Delivering the Legal Action Group annual lecture in London, Mrs Justice Cox, a leading employment lawyer before being appointed to the High Court in 2002, said that set against an international backdrop, ‘it is strictly a misnomer to describe our domestic laws as amounting to equality legislation. There is no developed concept of equality in our own law’.
She said the law has grown up piecemeal. ‘What we do have is a confusing array of different and regrettably inconsistent laws; discrete, anti-discrimination Acts of Parliament, provisions dealing with aspects of equality to be found in other legislation; and now new sets of regulations, all prohibiting acts of discrimination on certain specified and limited grounds in certain specified circumstances…
‘There is no single piece of legislation harmonising all these laws, eliminating the inconsistencies, ensuring that each strand receives the same level of protection and providing a clear, positive right to equality for all the citizens of this country. The present system has led to increasing and unacceptable legal complexity and unfortunately it looks set to continue. It is harder for employers to understand their legal obligations, harder for victims to seek redress and harder for judges to decide what the law is.’
Mrs Justice Cox also called for the Equal Pay Act, the Sex Discrimination Act and the Race Relations Act – all passed in the 1970s – to be updated, describing them as ‘undoubtedly creatures of their time’. She added that while they have done some good, ‘they have not delivered on substantive equality or equality of outcome’.

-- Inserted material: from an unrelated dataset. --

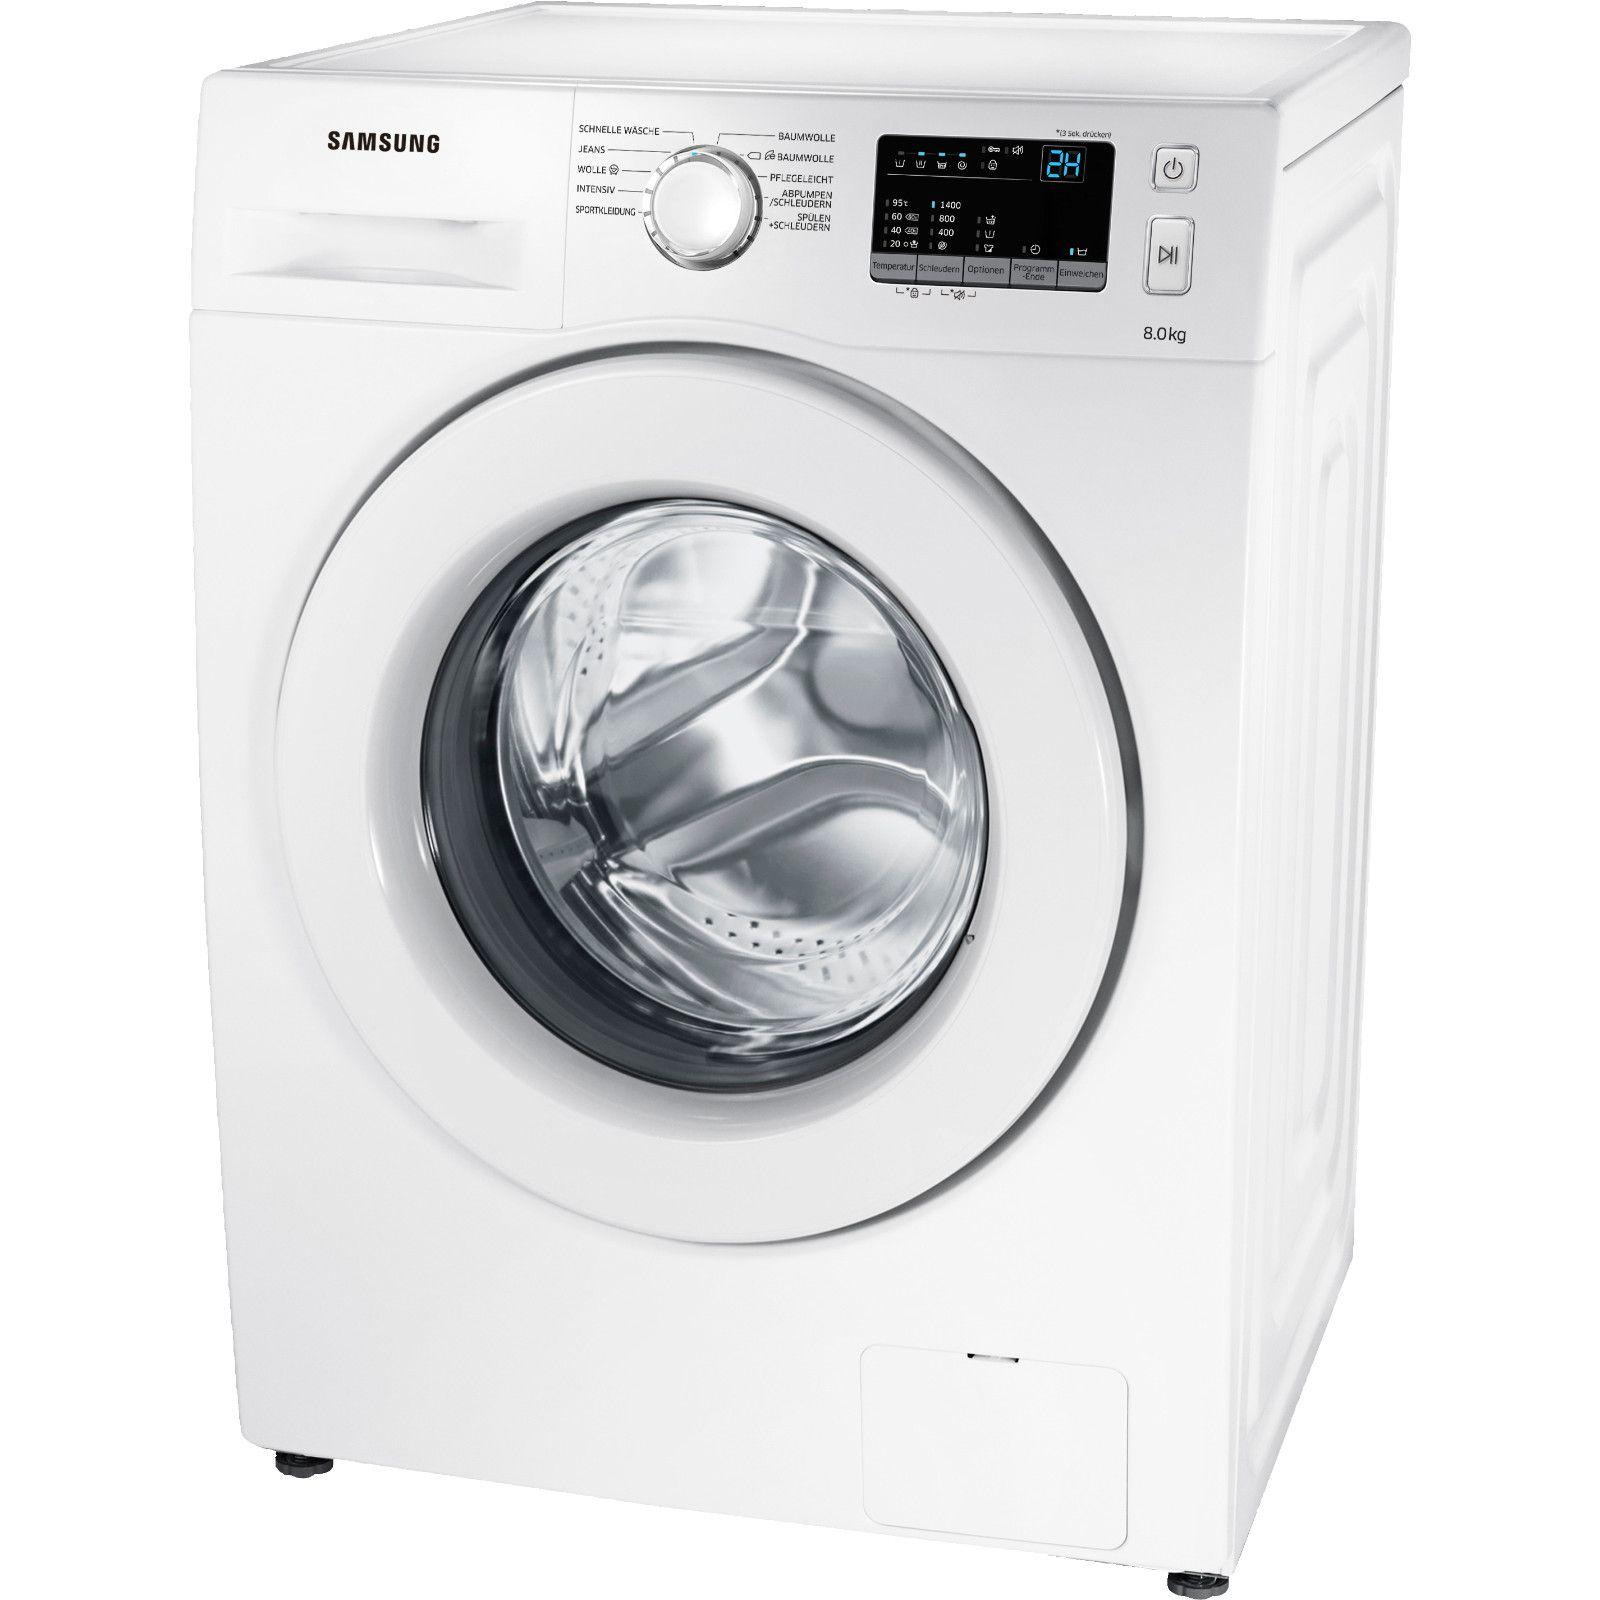 [MediaMarkt] SAMSUNG WW 80 J 34 D0KW/EG Waschmaschine (8 kg, 1400 U/Min., A+++) - bei Selbstabholung

‘In its present form, the legislation renders compliance with legal obligations too dependent on the willingness and ability of individuals to take cases to court or tribunal and to enter the lottery of litigation, rather than by imposing positive duties on employers to promote equality in the workplace and to take steps to avoid litigation altogether.’
The judge highlighted three particular issues of concern: the lack of positive duties placed on public authorities to take steps to promote equality, leading to ‘institutionalised discrimination’; ‘the concept of indirect discrimination, which in my view we have never been able properly to get to grips with’; and her concern that the proposed Commission for Equality and Human Rights will not be able to fulfil its brief because the laws it has to work with are not accessible and clear.
‘It will be a tragedy if all [the commission’s] efforts have to be concentrated in securing compliance with complex, inaccessible and inconsistent discrimination laws. Progress in challenging inequality at work in this country will in my view be undermined, just at the time when the benefits of a clear, principled and coherent approach to tackling the problems are being realised by all those working in this field.’